GS Papers: - GS-III: Space technology, indigenisation of technology, science & technology developments, achievements of Indians in S&T - GS-II: International relations — space diplomacy, Artemis Accords, multilateral frameworks

Syllabus headings: - Science & Technology: Awareness in the fields of Space - International Relations: India and its neighbourhood; bilateral, regional, global groupings

Plausible Mains Question Stems: 1. "India's Chandrayaan programme has transformed its position in global space diplomacy. Analyse the strategic and scientific significance of Chandrayaan-3's success at the lunar south pole." (GS-III / 15 marks) 2. "The revival of human lunar exploration through NASA's Artemis programme and China's ILRS represents a new Space Race. Examine the geopolitical implications for India." (GS-II / 10 marks) 3. "Compare the Artemis Accords with the Outer Space Treaty of 1967. Do bilateral space agreements undermine the multilateral framework for space governance?" (GS-II / 15 marks)

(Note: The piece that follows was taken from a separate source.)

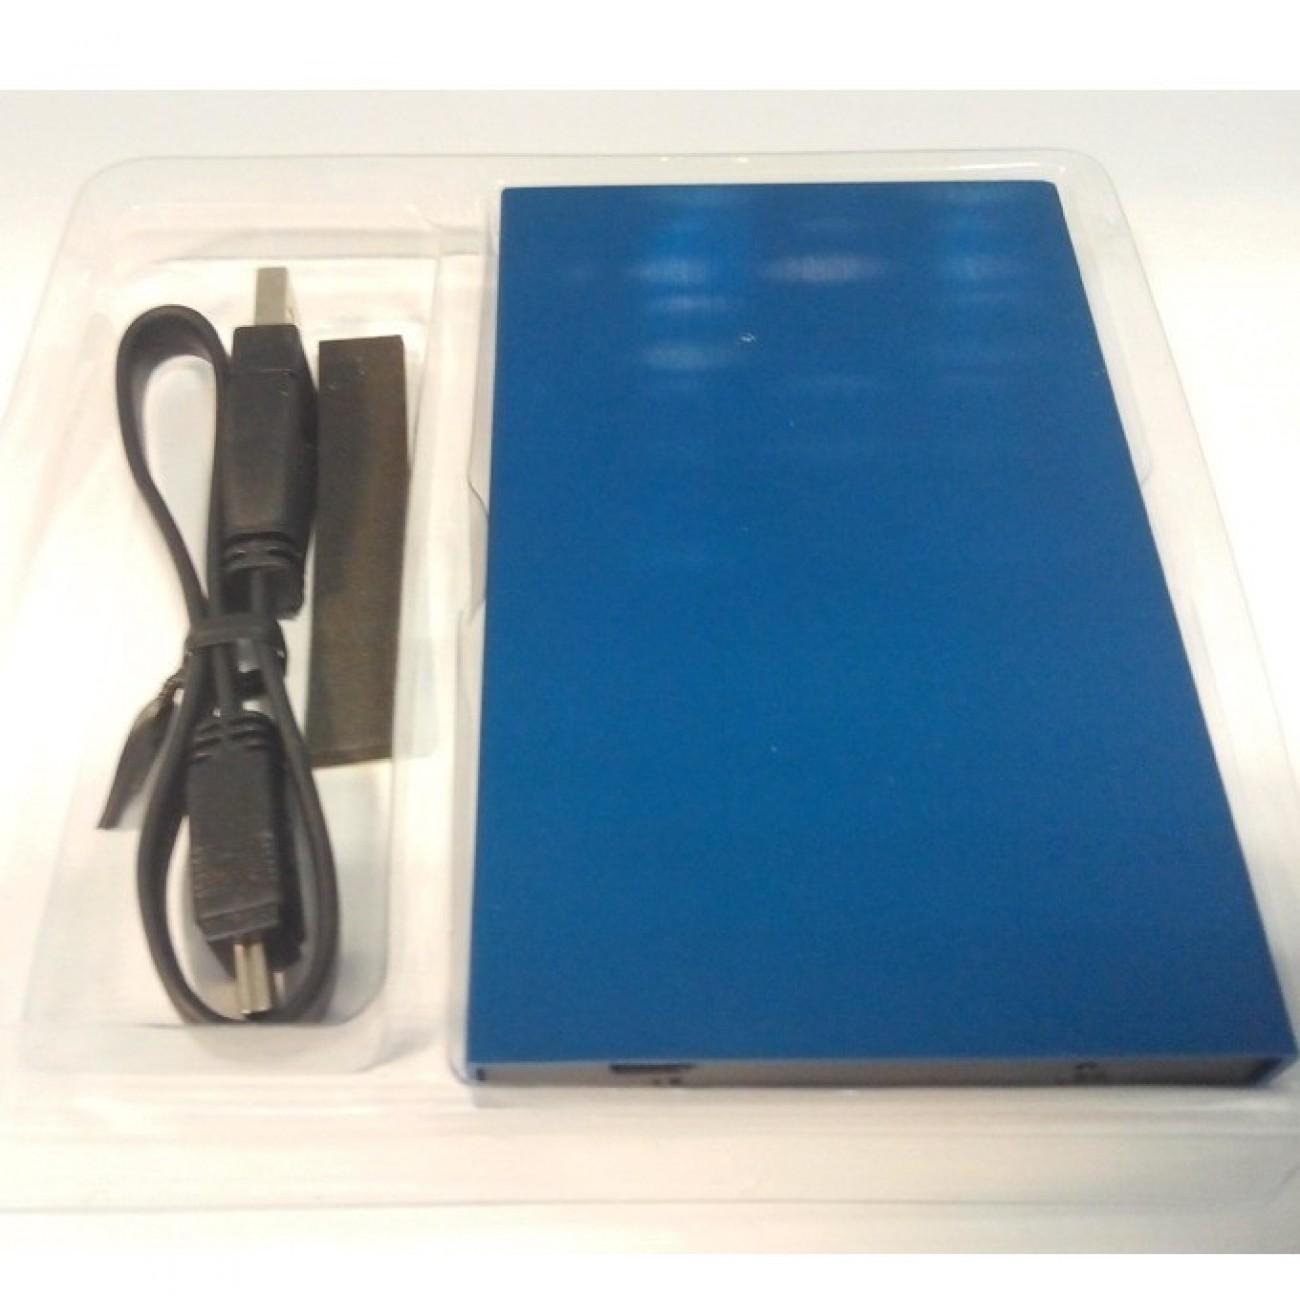 Кутия Estillo за SSD диск 2.5, USB 3.0, синьо в Твърди дискове Аксесоари -  | Alleop

9. Related Topics to Study Next

Topic Connection
ISRO & India's Space Programme Chandrayaan is part of ISRO's planetary exploration roadmap including Aditya-L1, Gaganyaan
Artemis Accords India signed 2023; key instrument of US-India space cooperation; GS-II
Outer Space Treaty, 1967 Legal framework for all moon missions; often confused with Moon Agreement (1984)
Gaganyaan Mission India's first crewed spaceflight; links to broader human spaceflight ambitions
Space Race (Cold War) Historical context for current USA–China rivalry; GS-I History
Dual-Use Technology & Arms Control Project A119, nuclear-capable rockets, space militarisation debates
India-USA Strategic Partnership Artemis Accords, iCET (initiative on Critical and Emerging Technologies)

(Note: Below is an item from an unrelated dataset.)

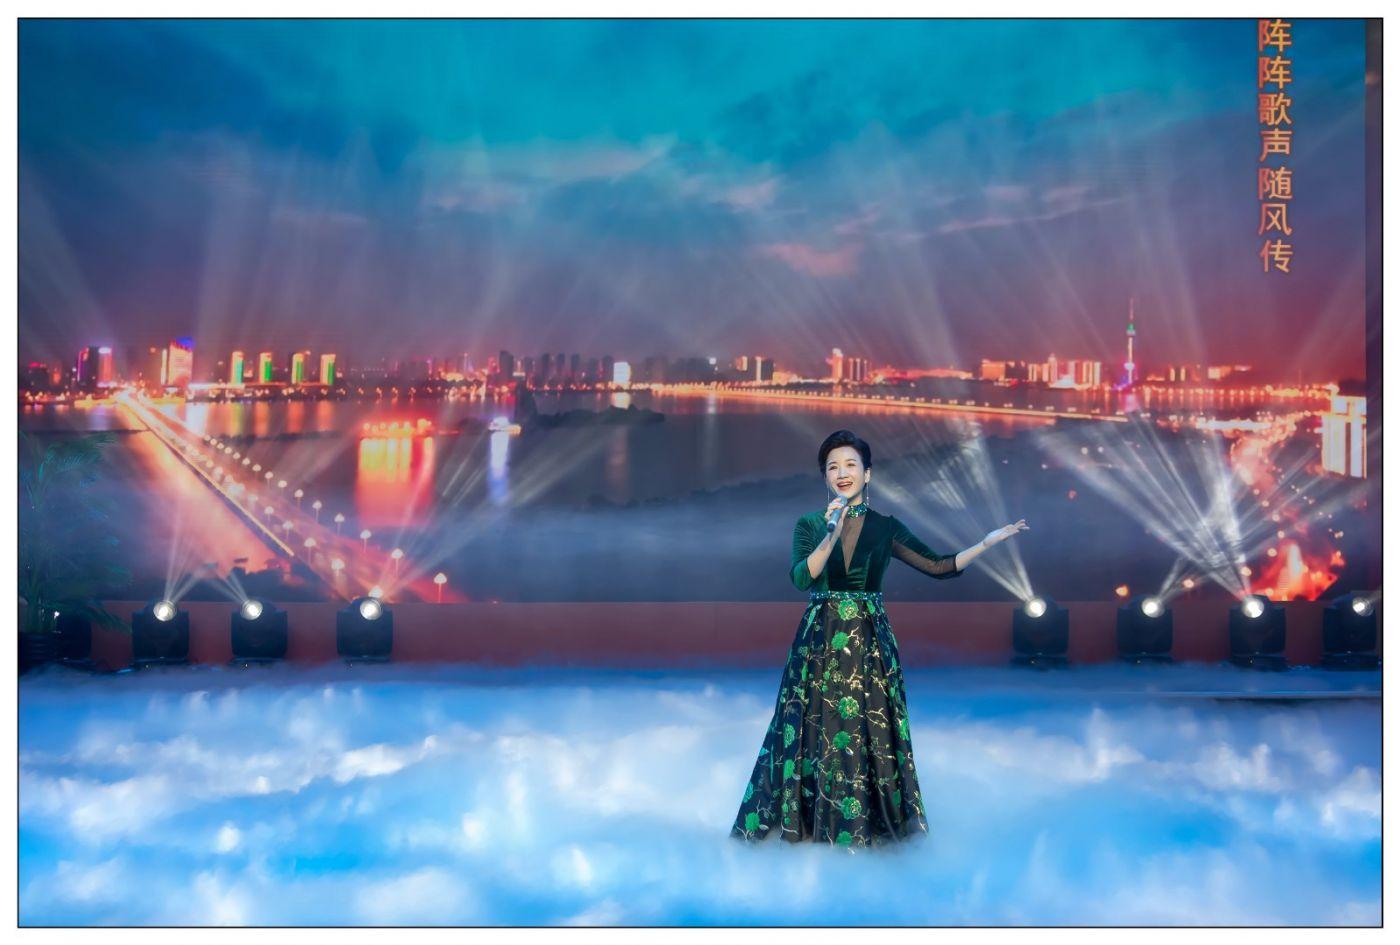 又见星光大道冠军歌手张海军 1月26央视播出 将自己唱哭的歌手 ..._图1-12

10. Common Errors / Trap Areas

  1. Chandrayaan-2 vs Chandrayaan-3: Aspirants confuse the two — Chandrayaan-2 lander crashed (2019); Chandrayaan-3 successfully landed (2023). Both landers are named Vikram; both rovers are named Pragyan.
  2. Luna 10 vs Luna 9: Luna 9 (Feb 1966) was the first soft landing on the moon; Luna 10 (Apr 3, 1966) was the first to orbit the moon — do not conflate.
  3. First animal in orbit ≠ first animal in space: Laika (Sputnik 2, 1957) orbited Earth; earlier fruit flies (1947, USA) went to space on a sub-orbital arc — the question specifies orbit.
  4. Chang'e-4 vs Chang'e-5: Chang'e-4 = far-side landing (2019); Chang'e-5 = near-side sample return (2020); Chang'e-6 = far-side sample return (2024). Aspirants often mix these up.
  5. Artemis II = flyby, NOT landing: A common error is assuming Artemis II involves a moon landing. It is a crewed lunar flyby only; the crewed landing is planned for Artemis III.